The problem: Copy the lines below, please, starting with the one that contains "Dream Cowl Top" and ending with the last. Pictures stay out.

Supplied data:
========================
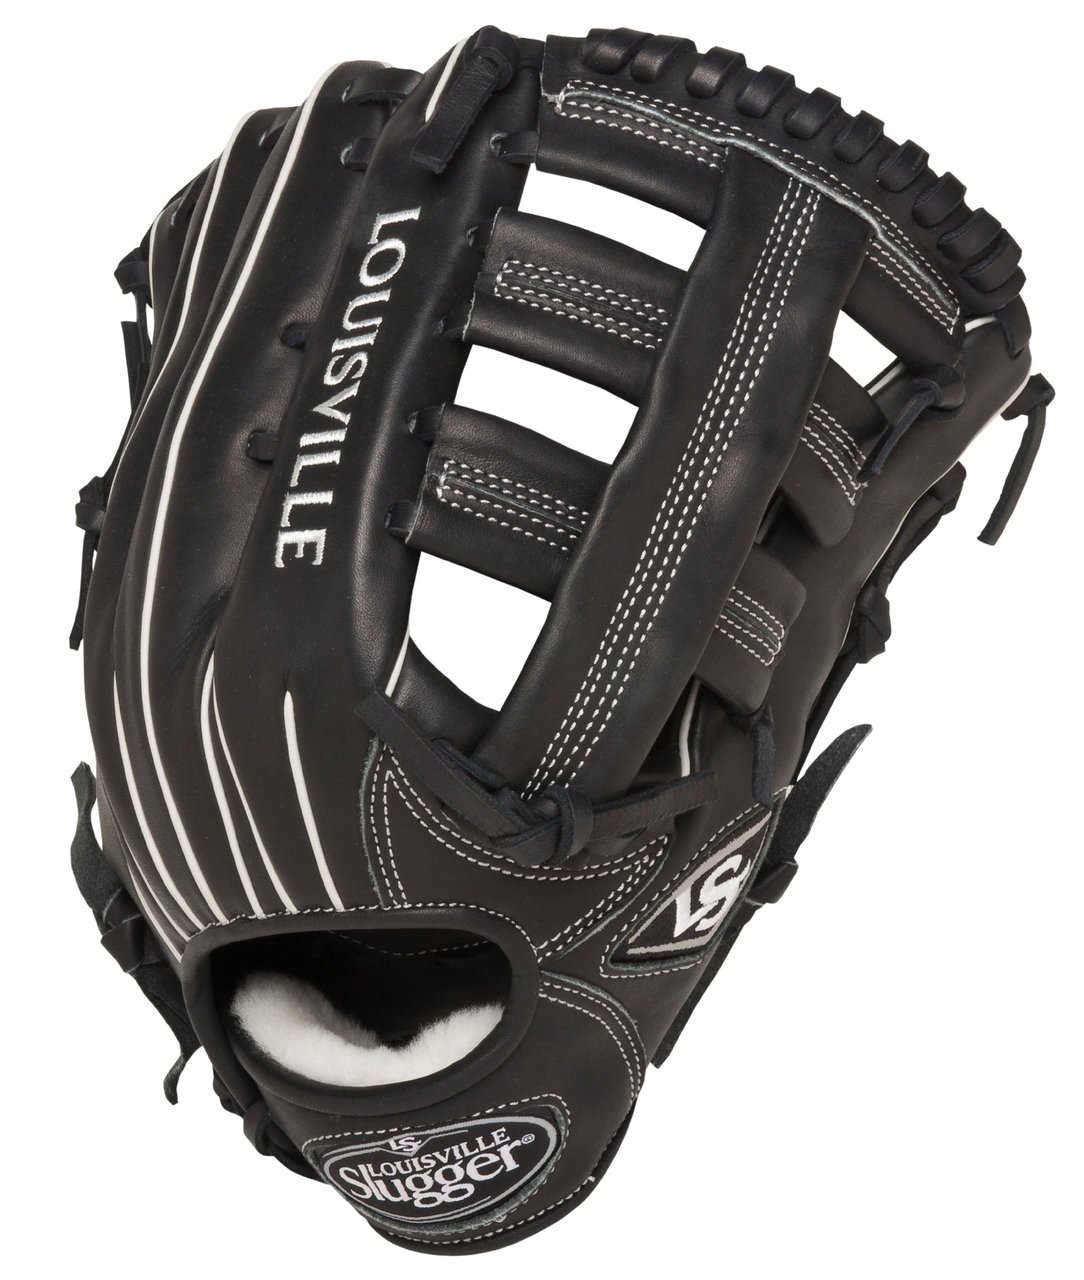 Louisville Slugger Pro Flare Black 12.75 in Baseball Glove (Left Handed Throw) : Louisville Slugger Pro Flare Fielding Gloves are preferred by top professional and college players. They are designed with the speed of the game in mind. Louisville Slugger Pro Flare gloves are designed to keep pace with the evolution of Baseball. The unique Flare design allows for quick-transfer of ball from glove to hand. Better technology, better materials and better design. There is a larger catching surface area made possible by the extra wide lacing and curved finger tips. The gloves are made from professional-grade, oil-infused leather for maximum feel and performance right off the shelf. The Louisville Slugger Pro Flare has unmatched durability and quick break-in.
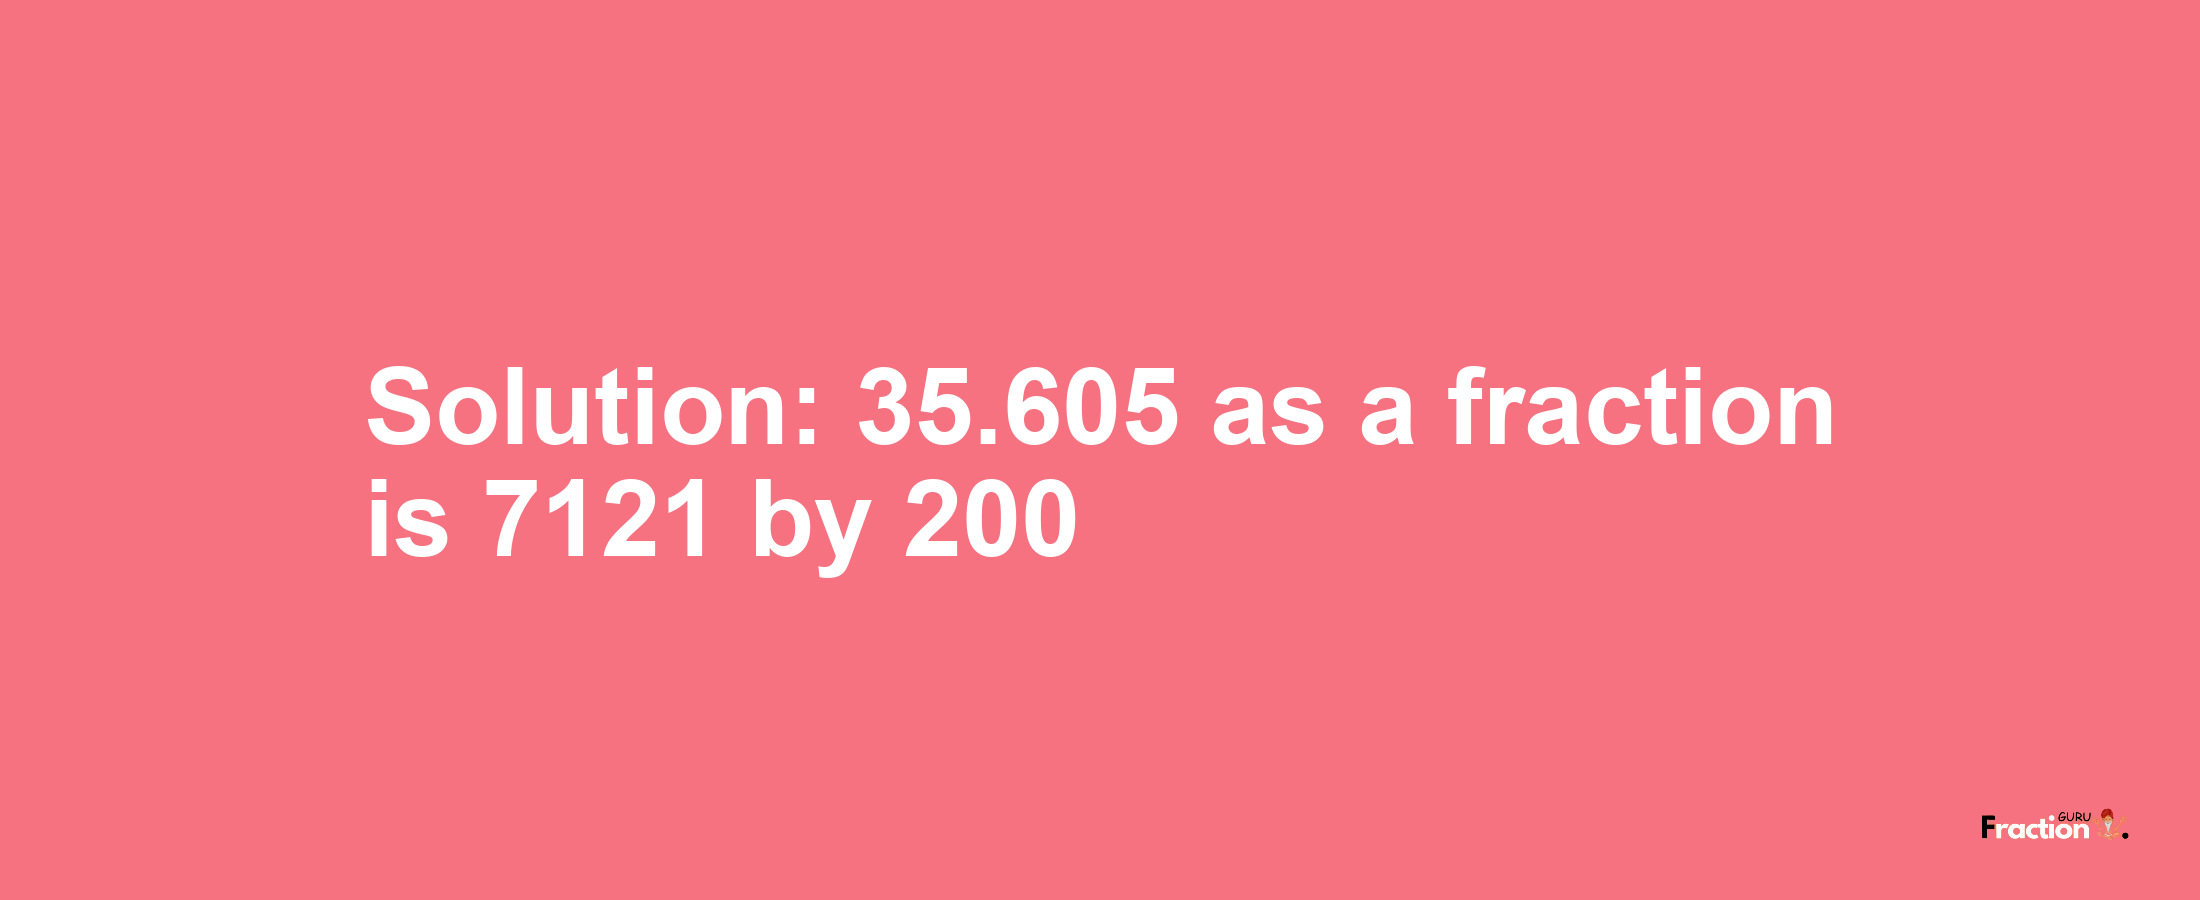 Solution:35.605 as a fraction is 7121/200
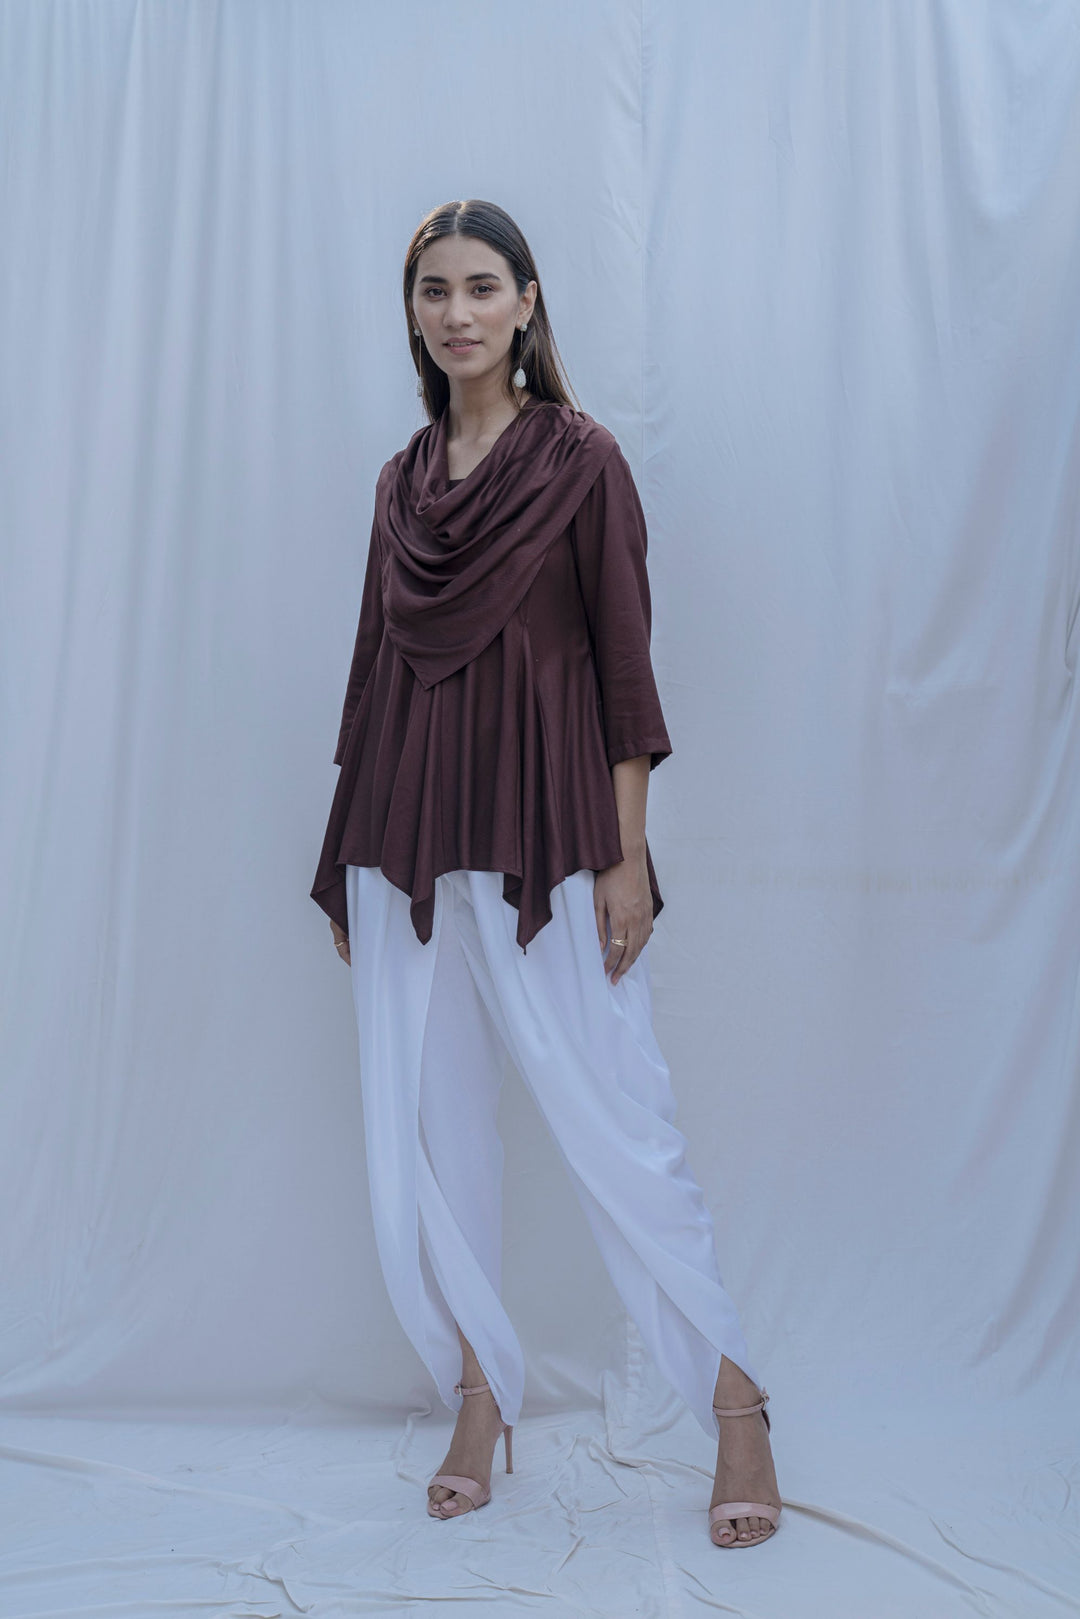 Dream Cowl Top in Brown  and Tulip Dhoti in White - Set
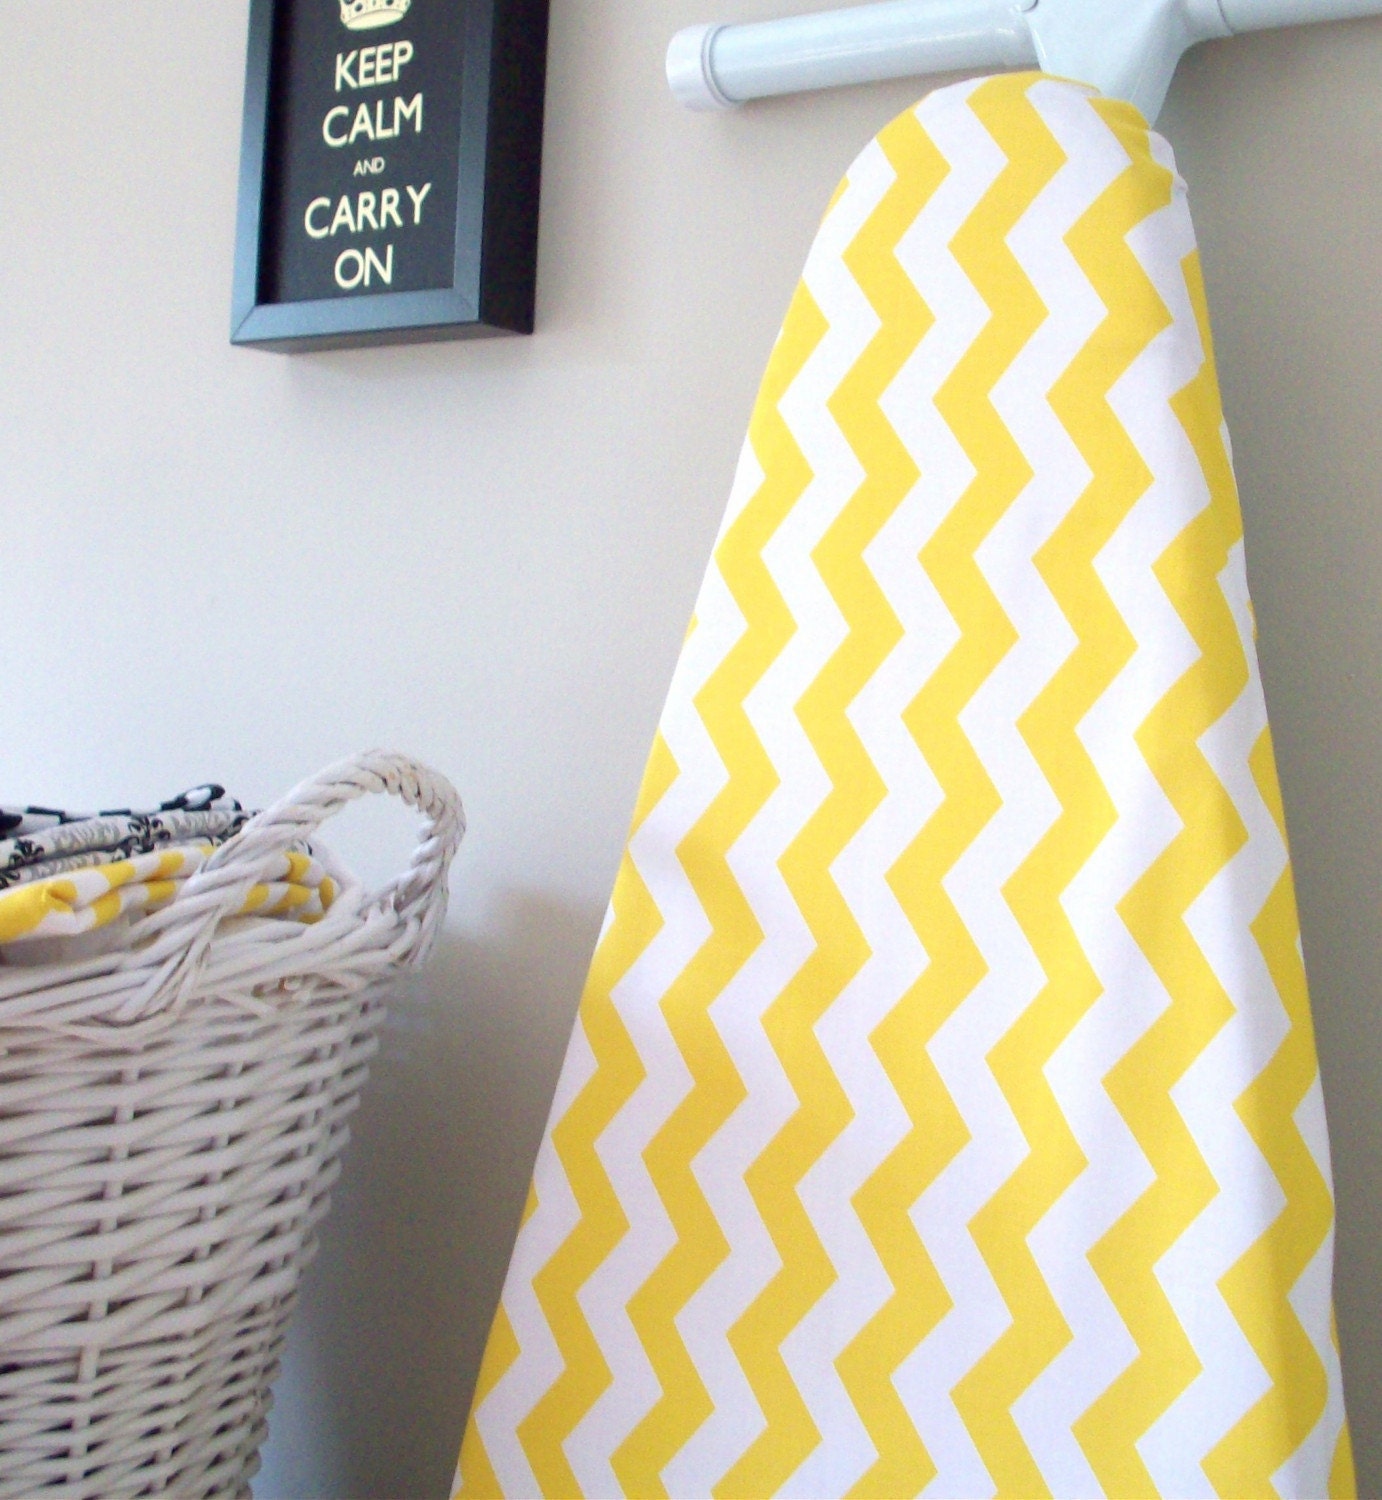 LAST ONE - Chevron Ironing Board Cover in Yellow and White
========================
Solution below:
 Dream Cowl Top in Brown  and Tulip Dhoti in White - Set
 LAST ONE - Chevron Ironing Board Cover in Yellow and White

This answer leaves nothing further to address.